▶ Work order
Write out the entries below exactly, but only from the line containing "arts culture and" through the line containing "Royal Prince Invitation Background", and without the pictures.

▶ Exercise materials
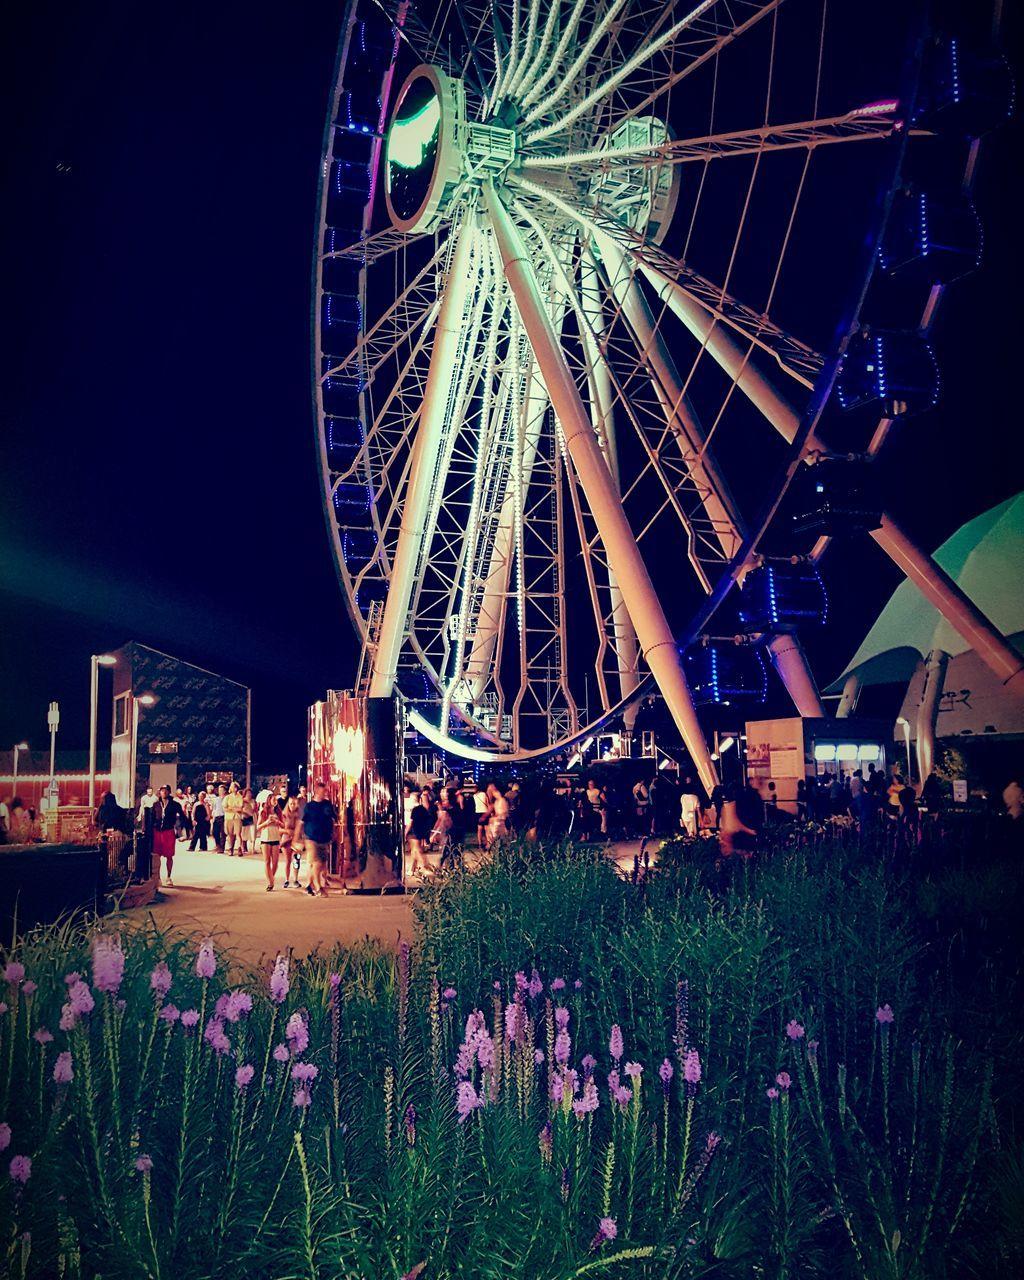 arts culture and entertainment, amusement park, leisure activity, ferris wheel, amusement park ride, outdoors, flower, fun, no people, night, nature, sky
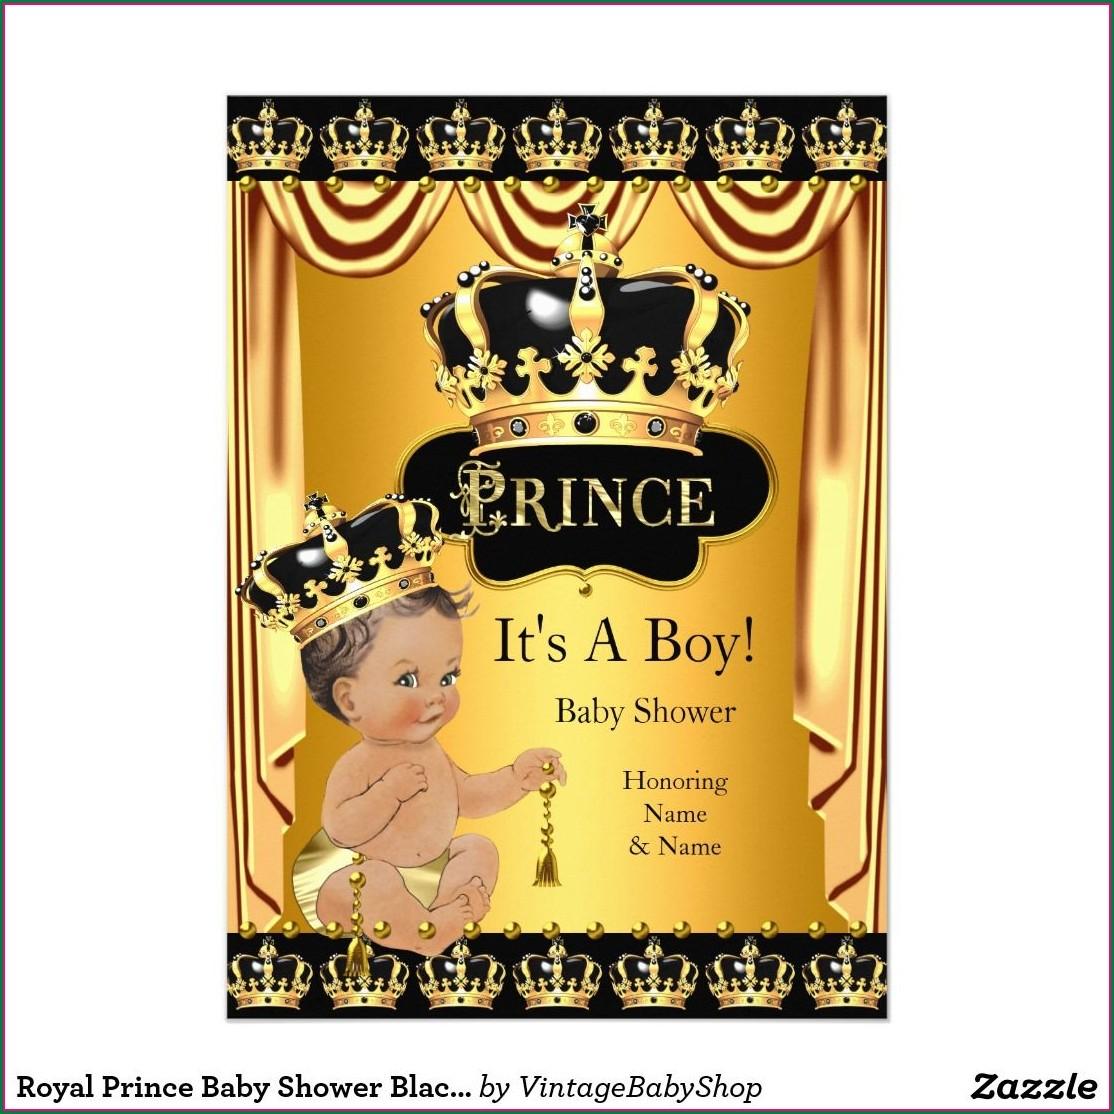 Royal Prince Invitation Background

==

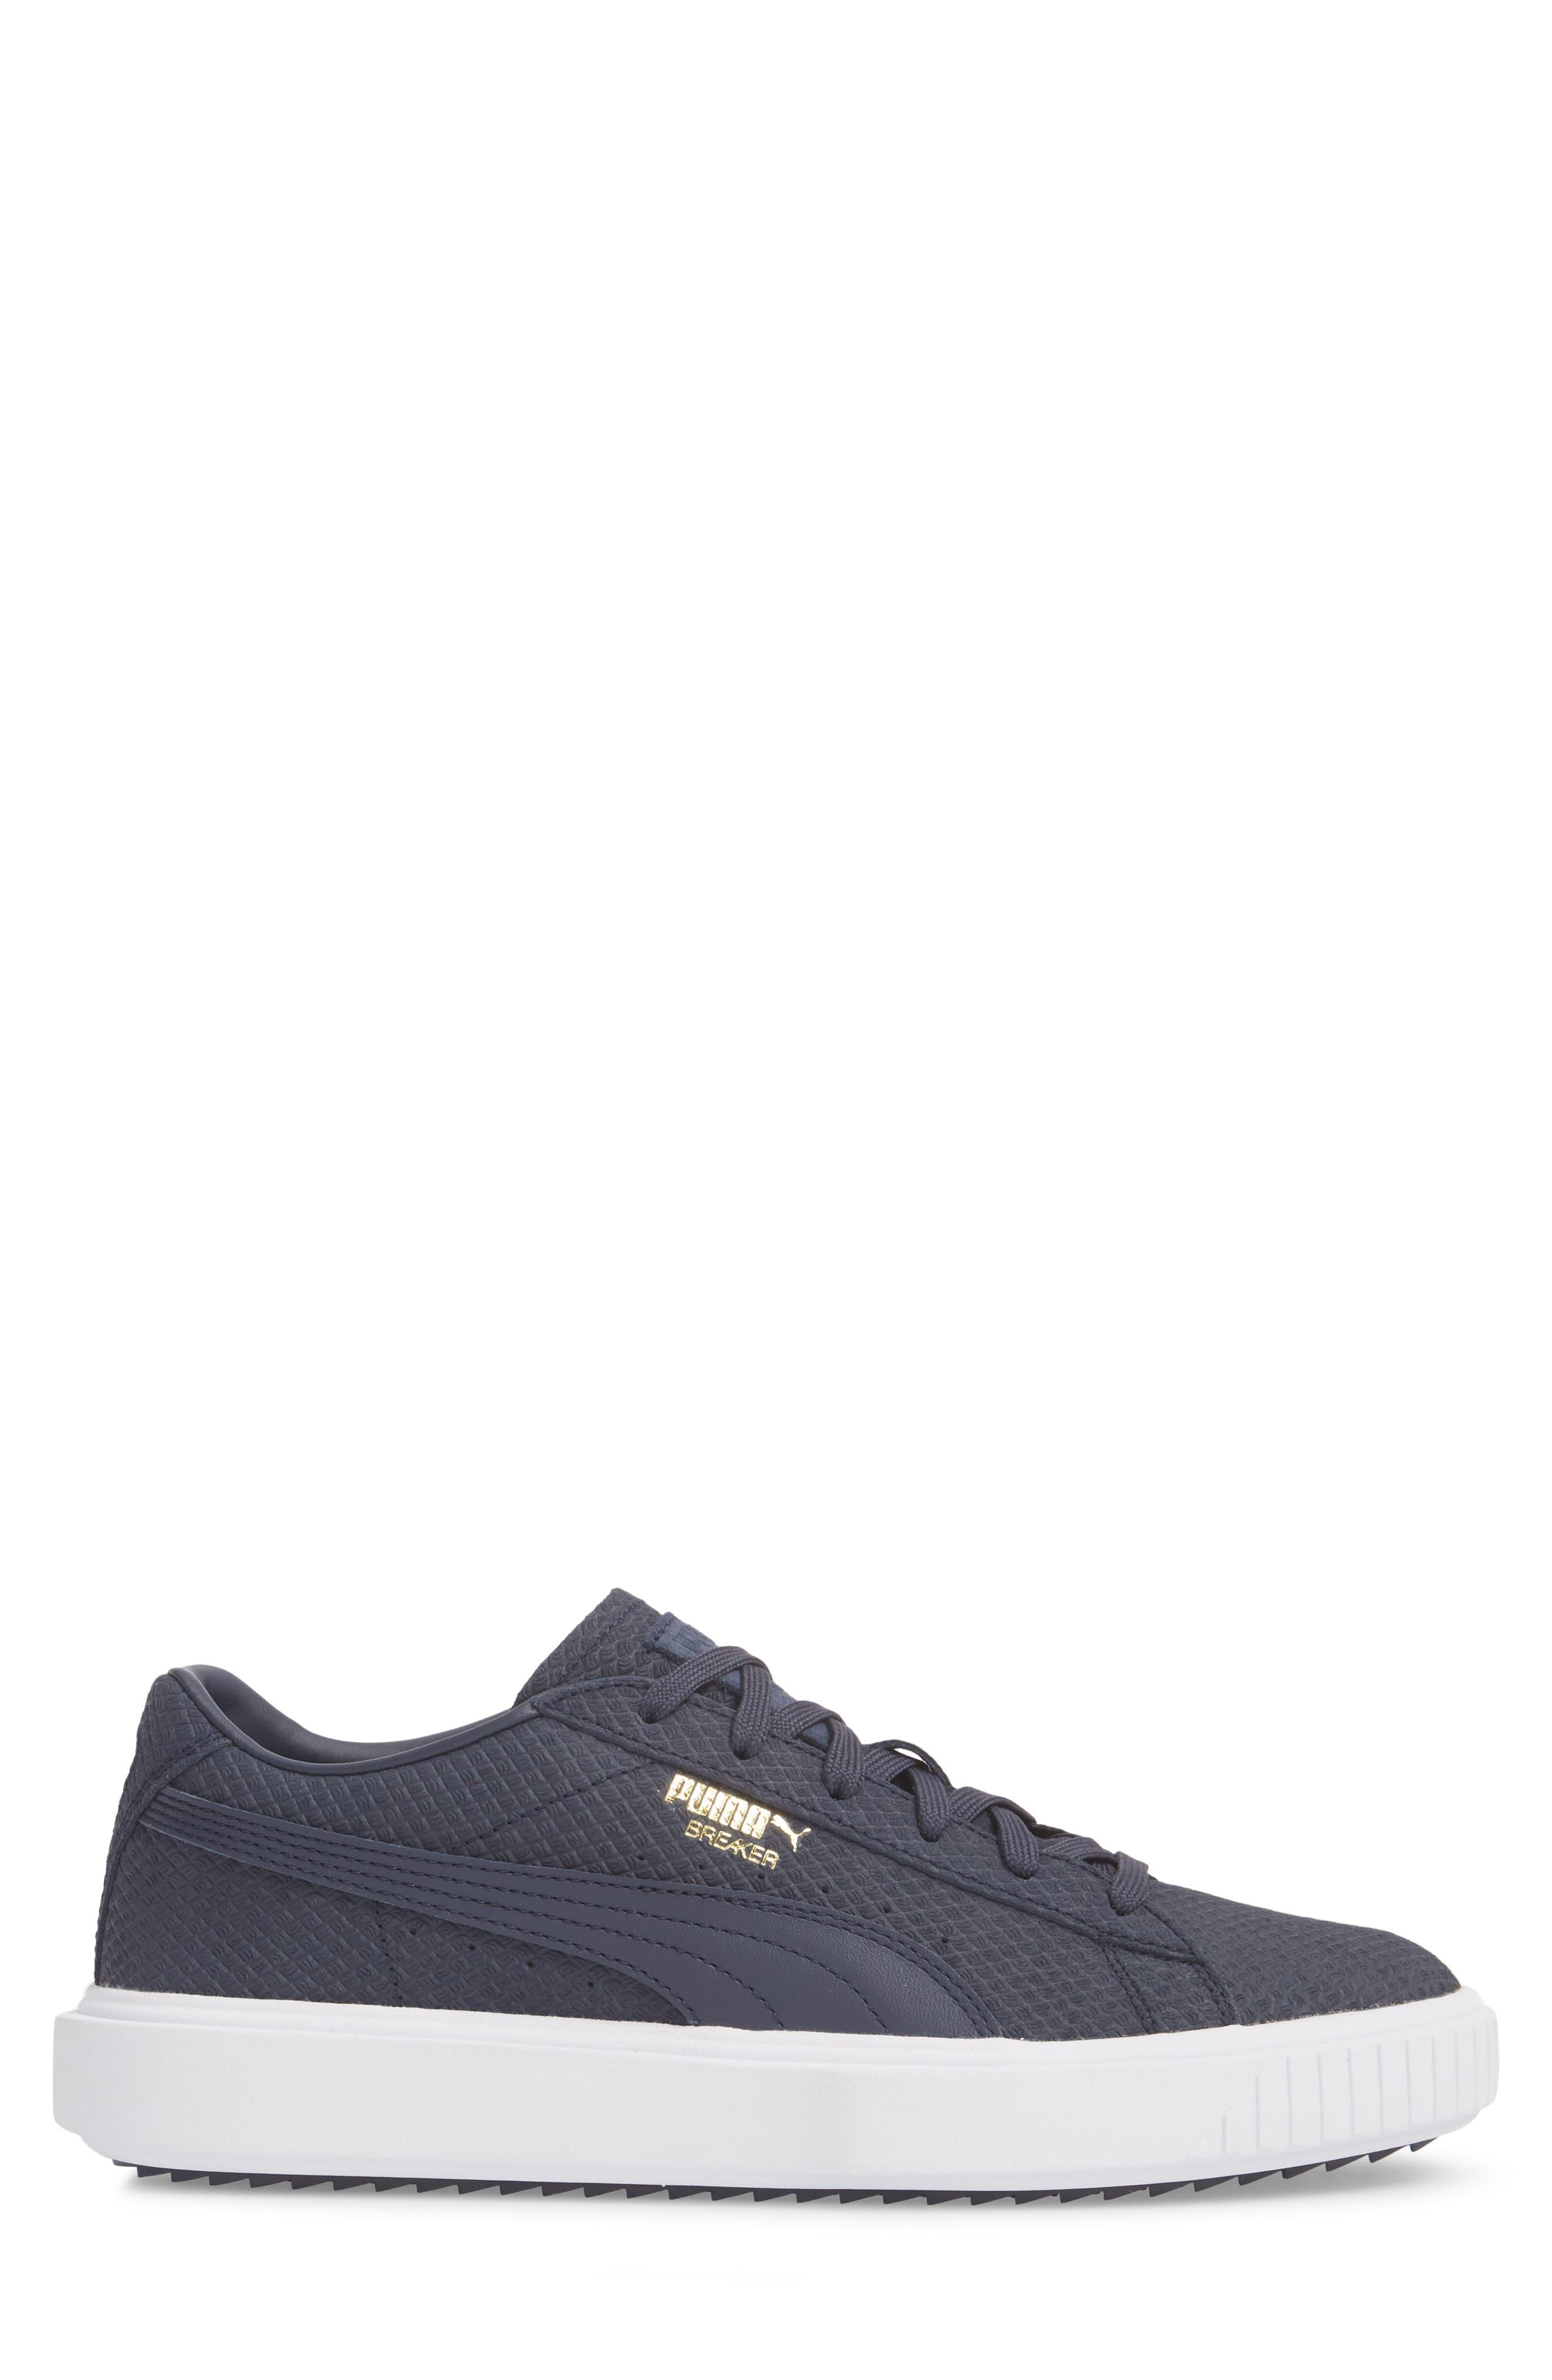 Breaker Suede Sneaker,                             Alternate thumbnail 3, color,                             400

▶ Written response
 arts culture and entertainment, amusement park, leisure activity, ferris wheel, amusement park ride, outdoors, flower, fun, no people, night, nature, sky
 Royal Prince Invitation Background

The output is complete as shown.